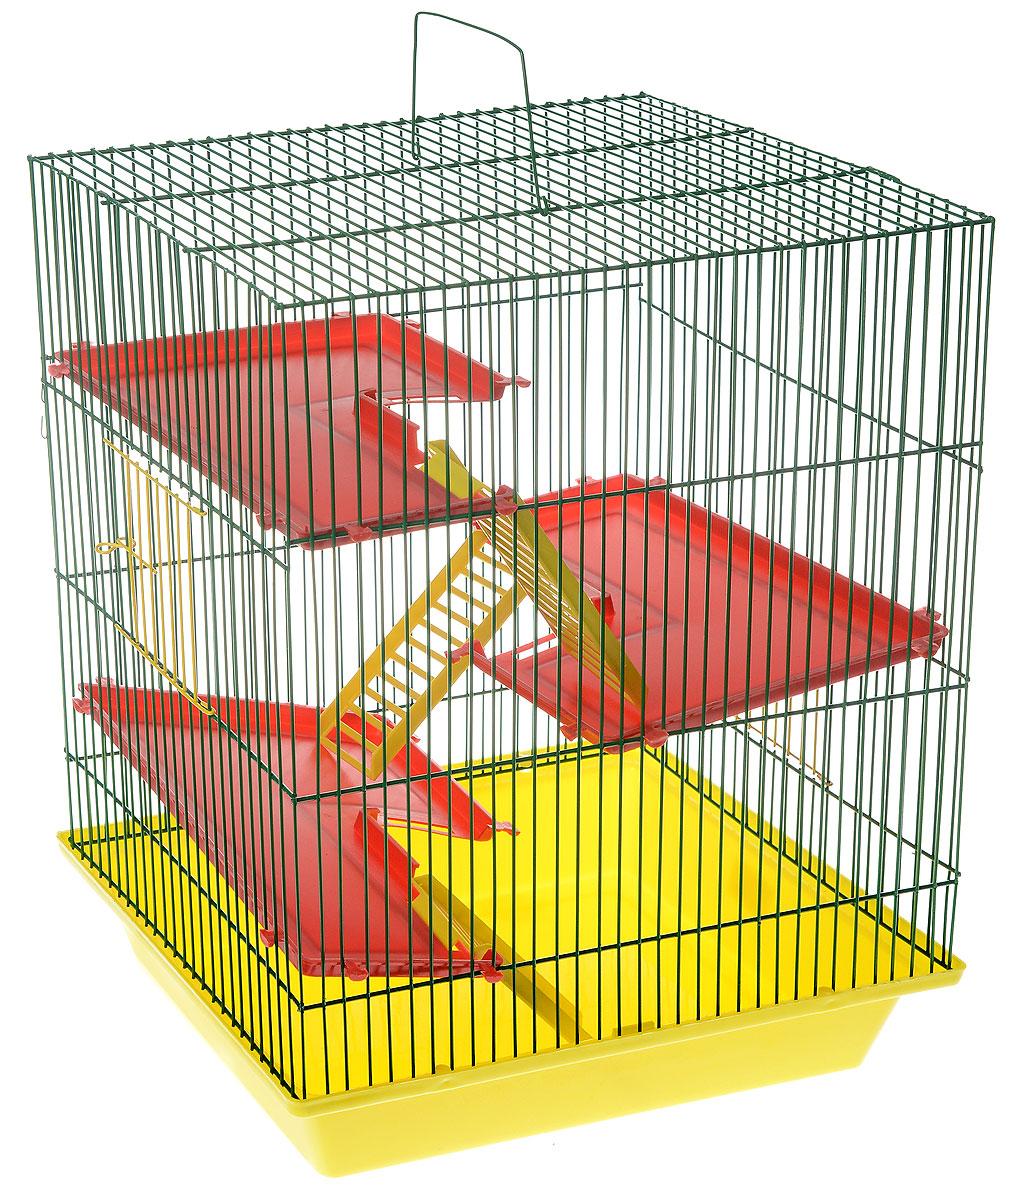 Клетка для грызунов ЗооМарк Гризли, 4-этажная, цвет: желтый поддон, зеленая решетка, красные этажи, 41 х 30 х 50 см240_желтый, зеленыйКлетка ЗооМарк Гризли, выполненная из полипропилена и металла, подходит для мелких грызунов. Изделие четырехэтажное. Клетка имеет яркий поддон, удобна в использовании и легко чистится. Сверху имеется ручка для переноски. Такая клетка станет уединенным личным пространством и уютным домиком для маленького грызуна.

...

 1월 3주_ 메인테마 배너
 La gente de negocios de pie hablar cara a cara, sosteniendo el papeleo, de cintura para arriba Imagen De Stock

==

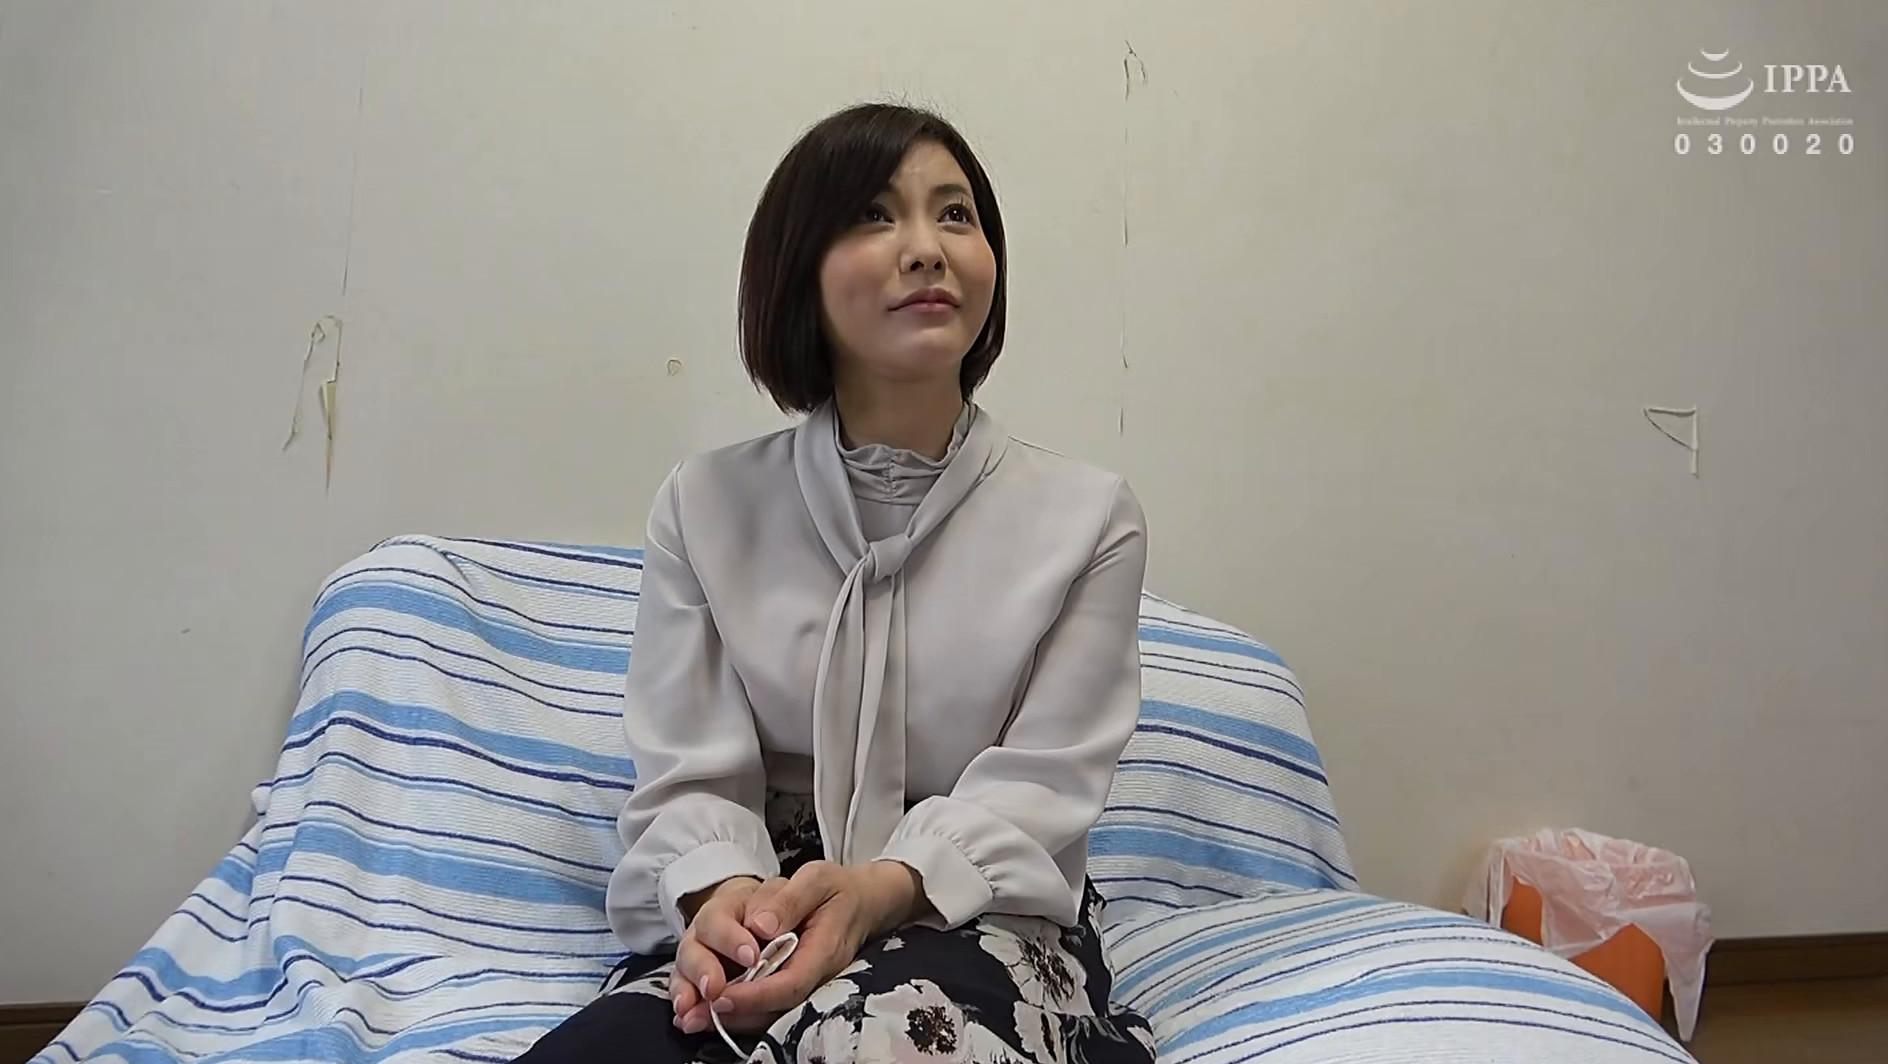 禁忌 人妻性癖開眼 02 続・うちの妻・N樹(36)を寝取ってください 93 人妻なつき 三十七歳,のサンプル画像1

*WHAT THIS TASK INVOLVES:* Using the records above, write out exactly the lines between the one holding "1월 3주_ 메인테마 배너" and the one holding "La gente de", inclusive; leave everything else out.

*TASK ANSWER:*
 1월 3주_ 메인테마 배너
 La gente de negocios de pie hablar cara a cara, sosteniendo el papeleo, de cintura para arriba Imagen De Stock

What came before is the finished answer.